[Source records]
##############################

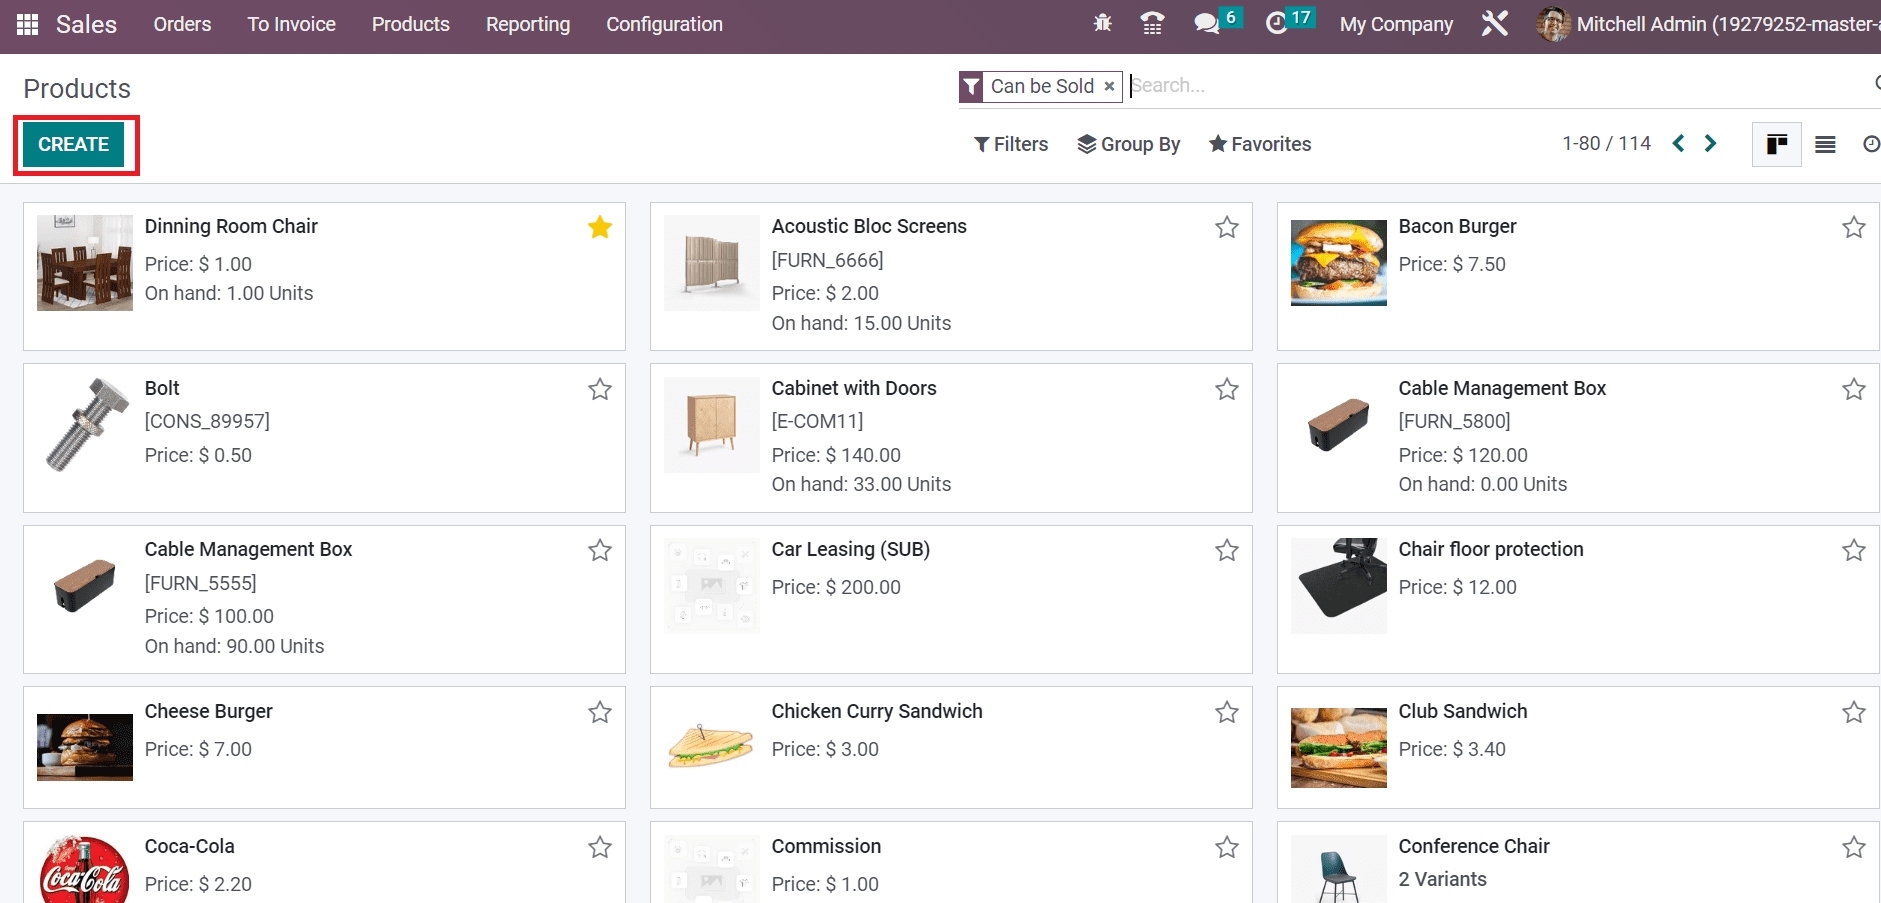 How to Generate an Automatic Invoice in the Odoo 16 Sales App-cybrosys
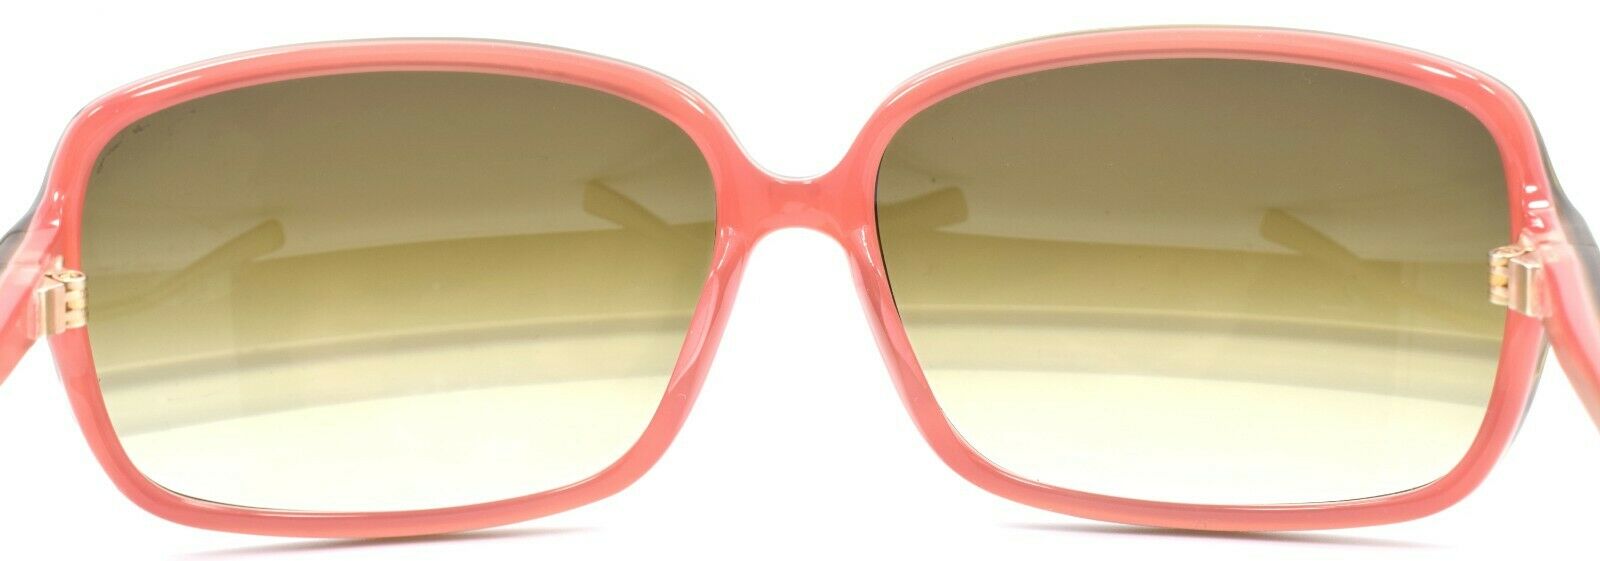 5-Oliver Peoples Bacall OTPI Women's Sunglasses Brown Over Pink / Green JAPAN-Does not apply-IKSpecs
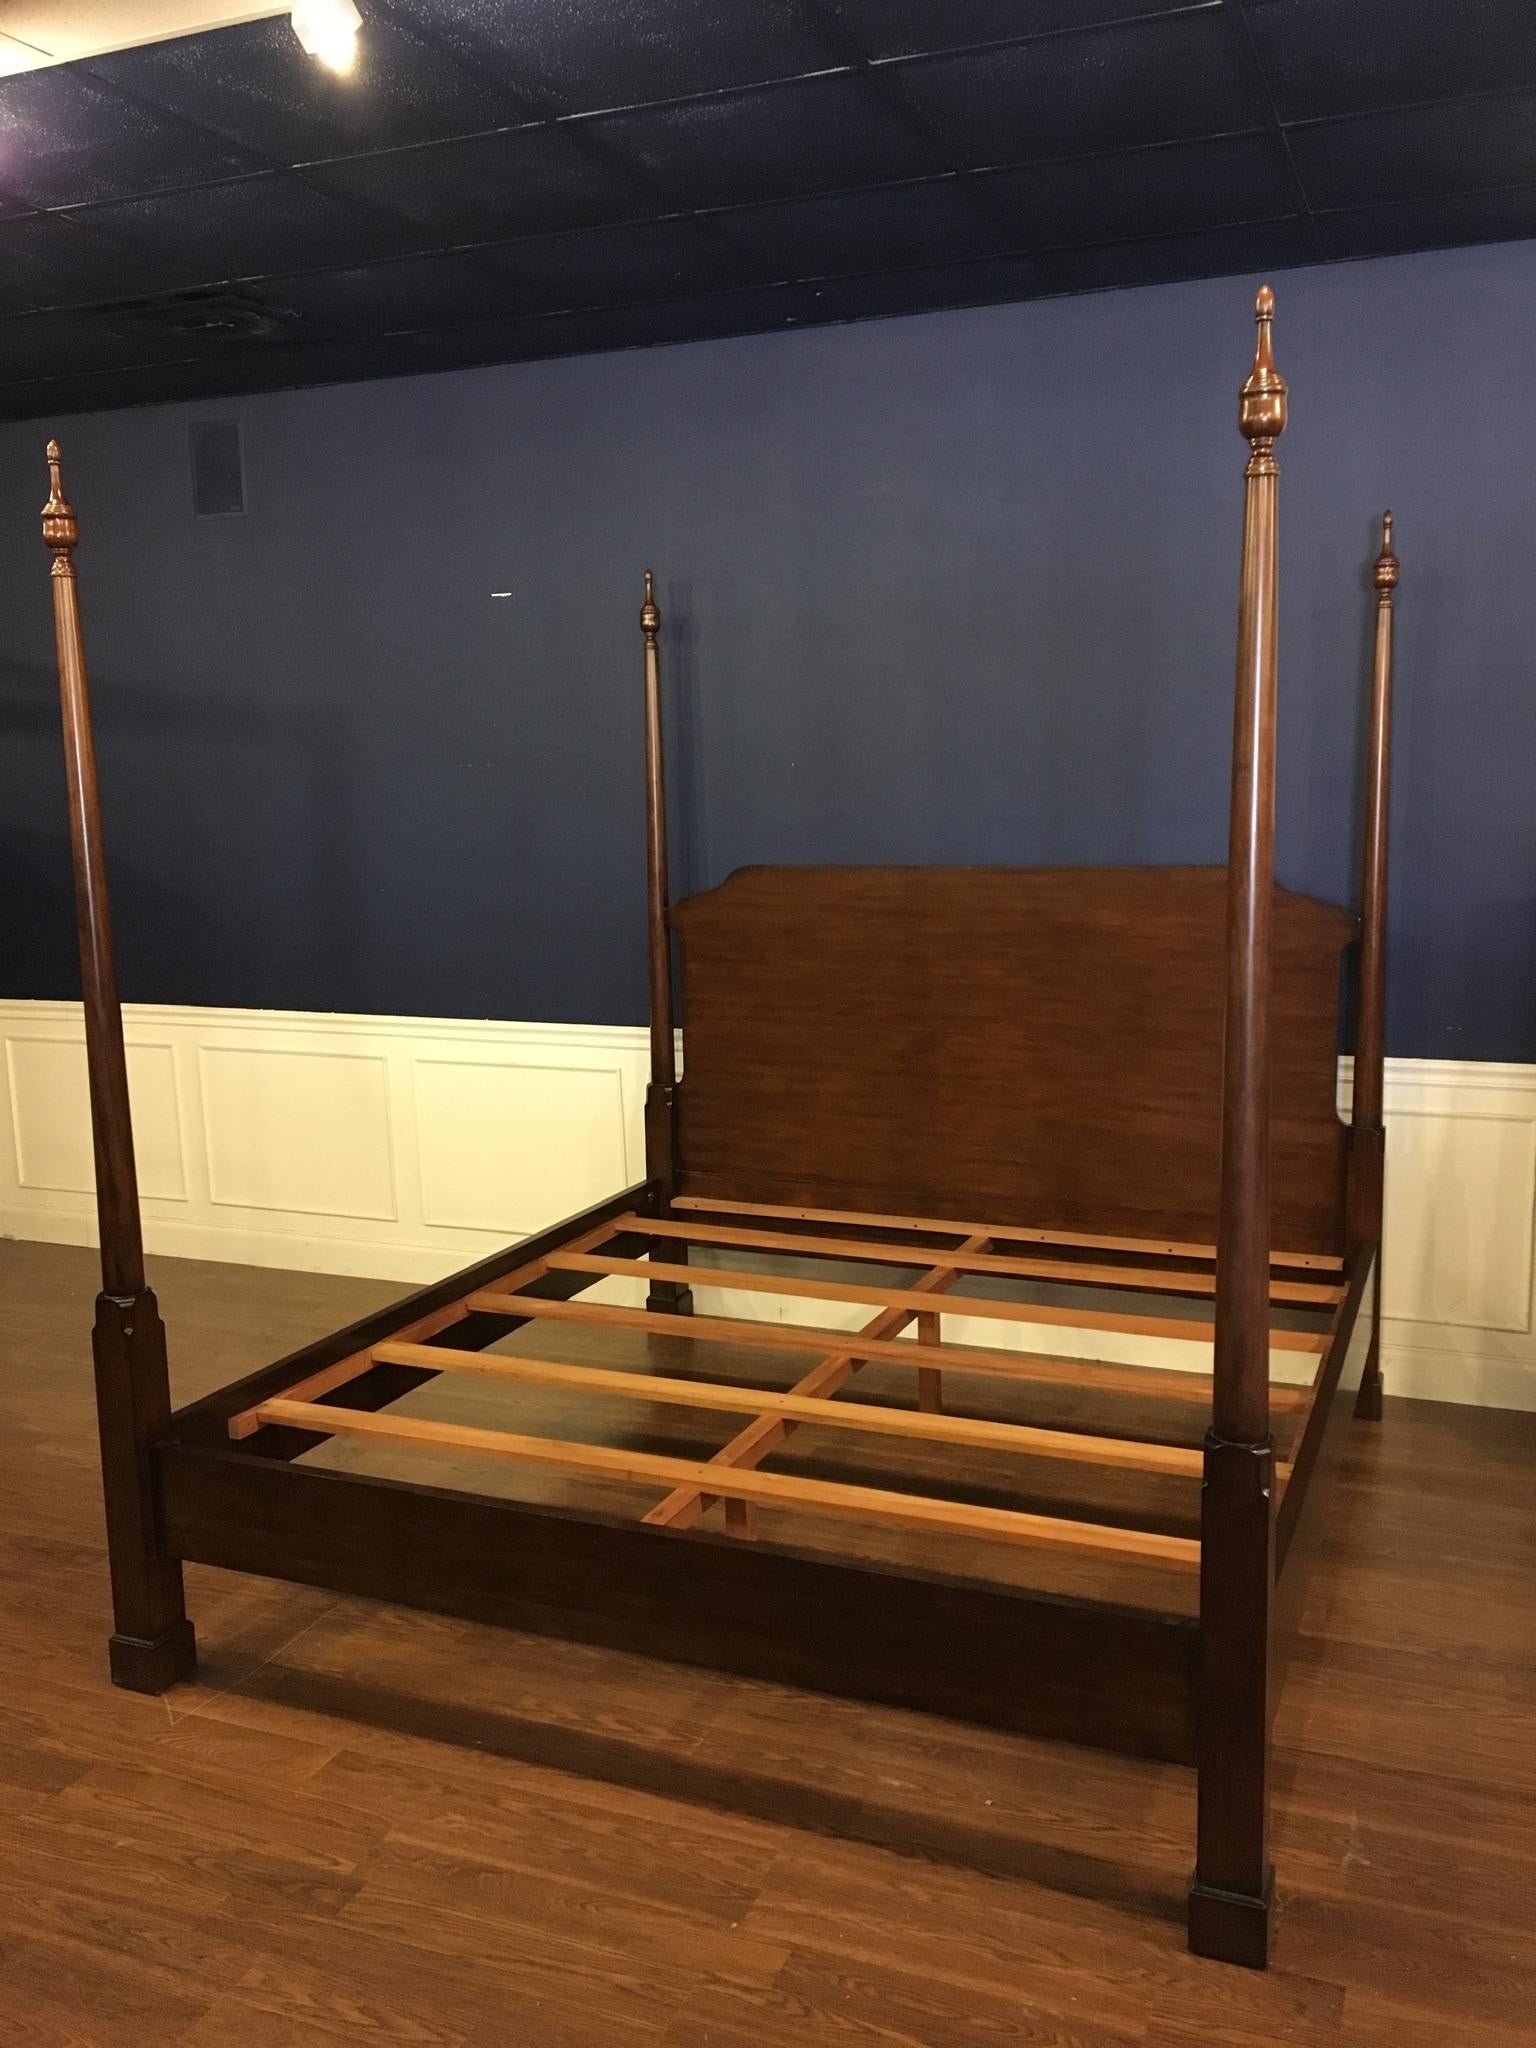 This is a new traditional king size mahogany Pencil Post Bed by Leighton Hall Furniture. It’s design was inspired by poster beds from the Regency period and features simple round tapered posts and a straight grain mahogany headboard.

Approximate
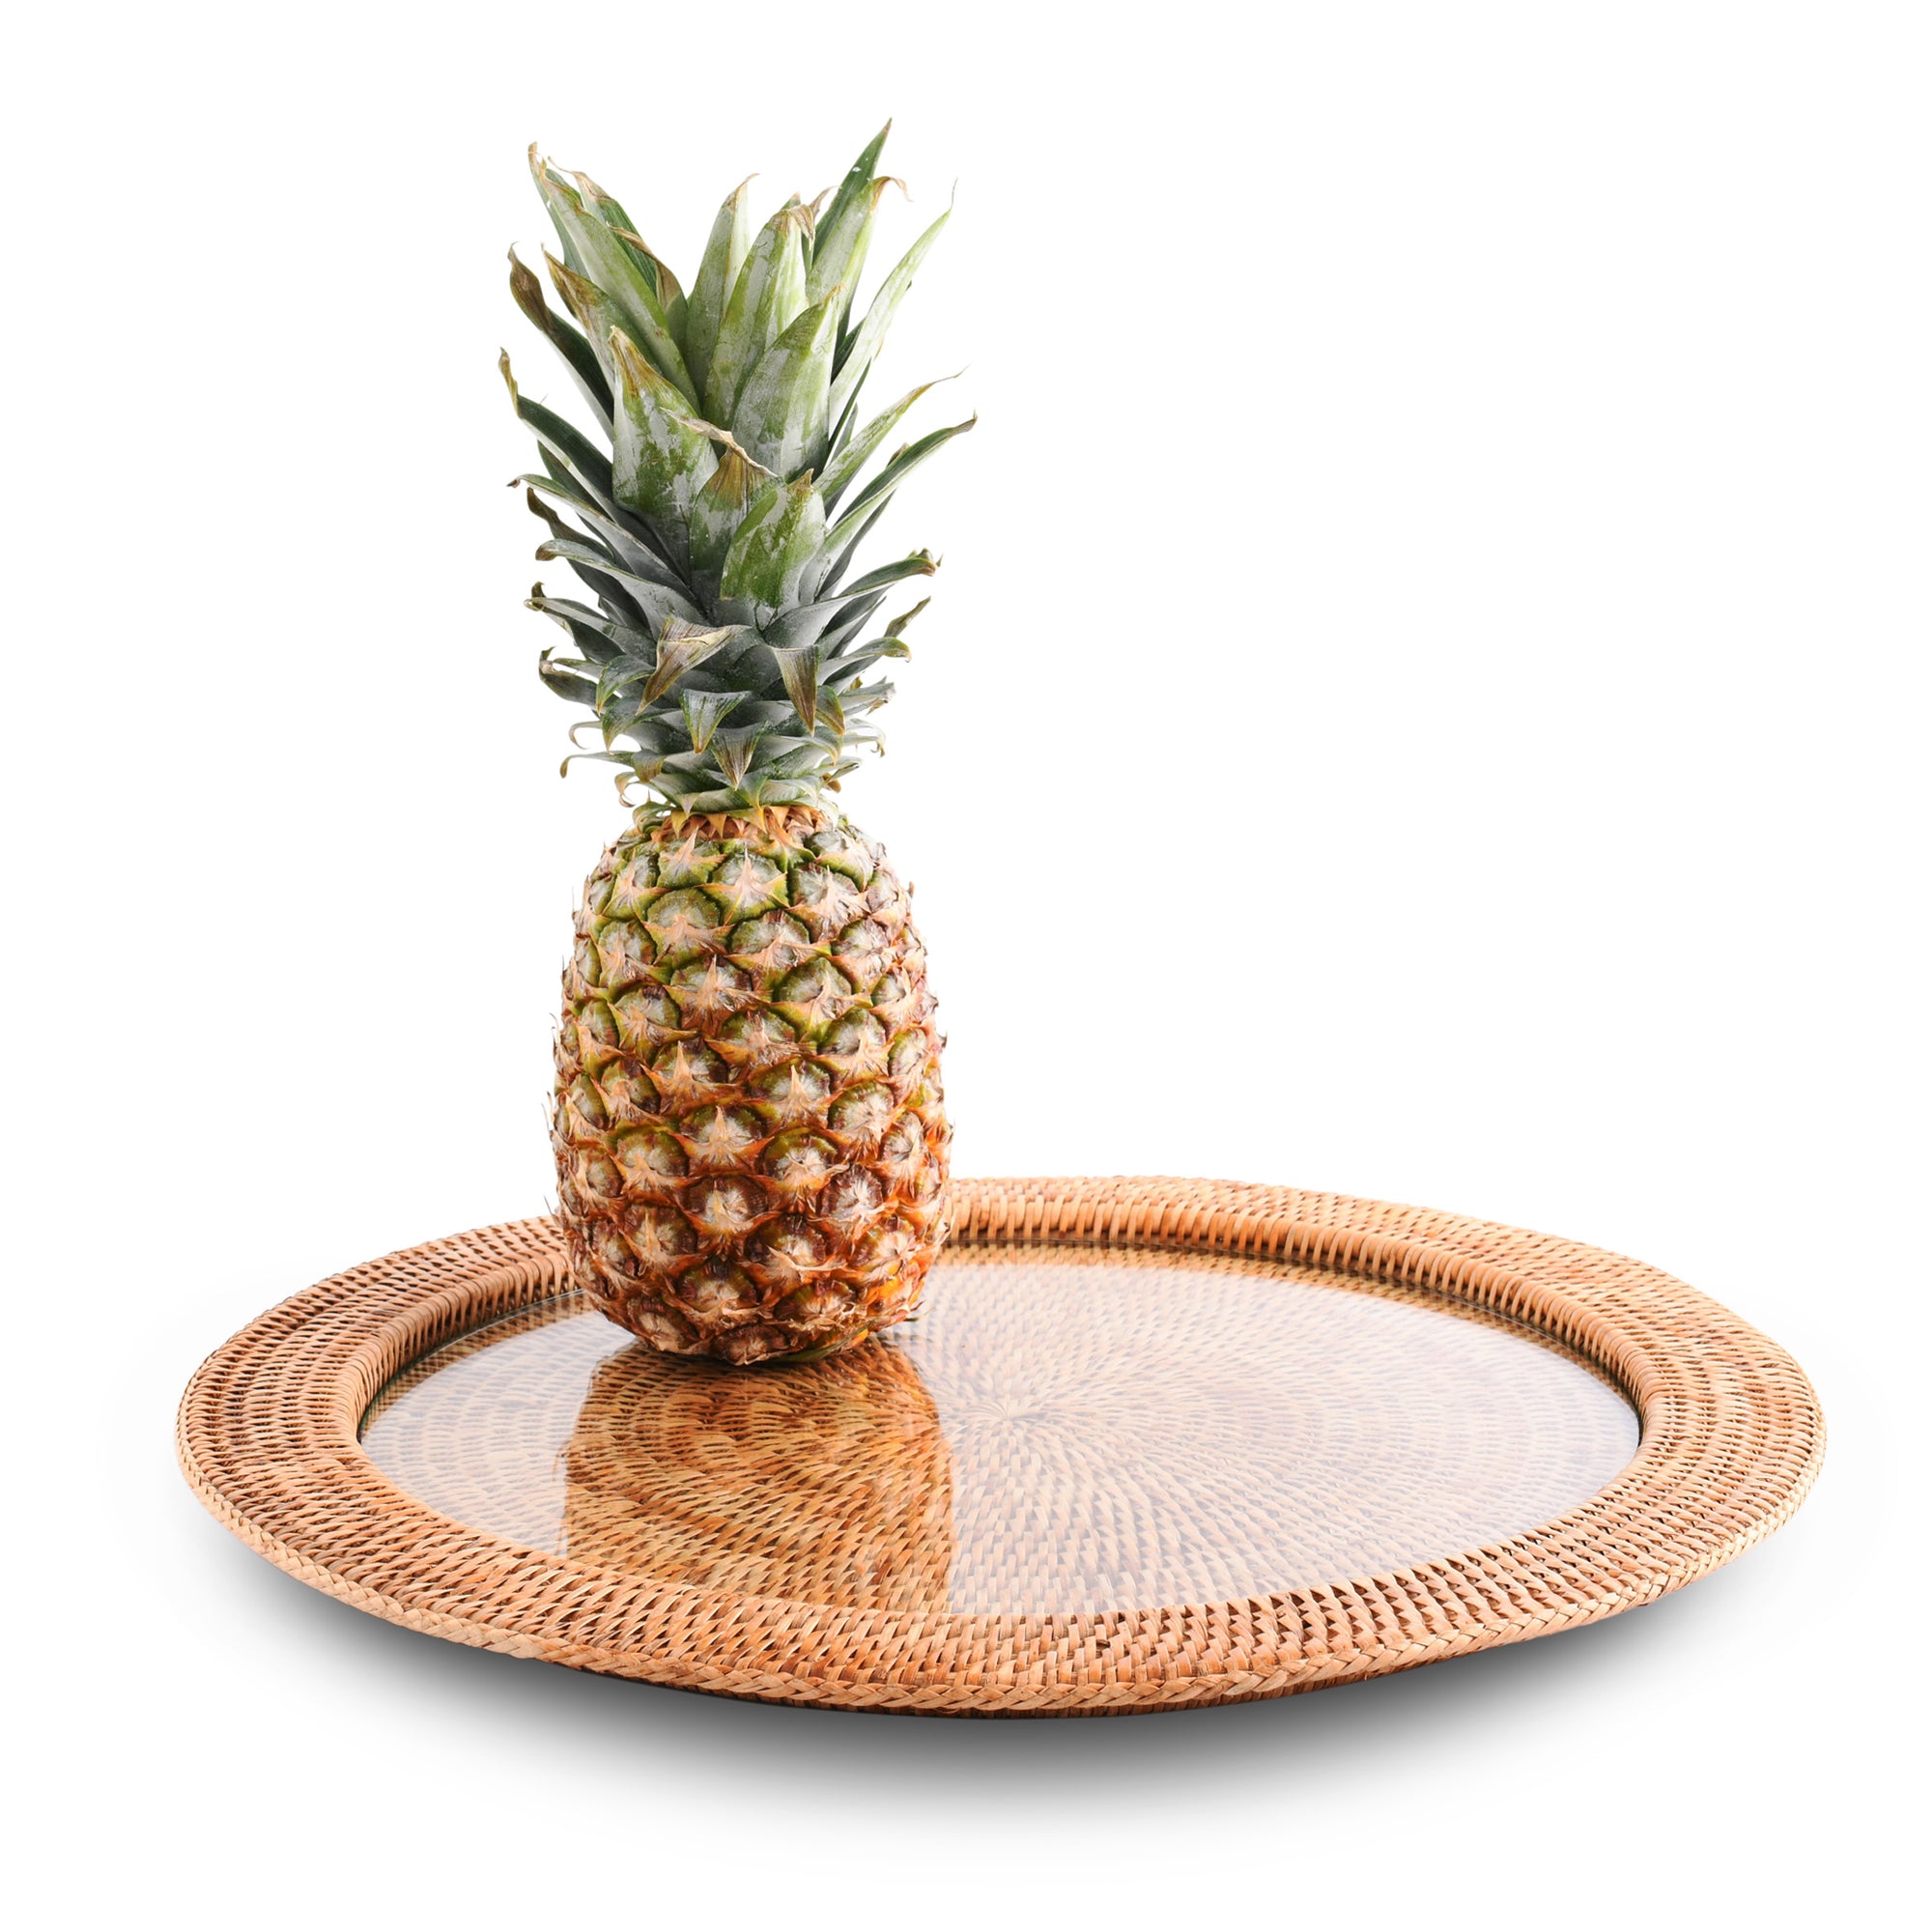 Vagabond House Round Serving Tray Hand Woven Wicker Rattan - Glass Insert Product Image

##############################

> _YOUR OBJECTIVE_
Set down exactly and only the lines from the start of the entries above through the line containing "Approximate", both ends included, omitting the pictures.

> _COMPLETED EXERCISE_
 How to Generate an Automatic Invoice in the Odoo 16 Sales App-cybrosys
 5-Oliver Peoples Bacall OTPI Women's Sunglasses Brown Over Pink / Green JAPAN-Does not apply-IKSpecs
 This is a new traditional king size mahogany Pencil Post Bed by Leighton Hall Furniture. It’s design was inspired by poster beds from the Regency period and features simple round tapered posts and a straight grain mahogany headboard.

Approximate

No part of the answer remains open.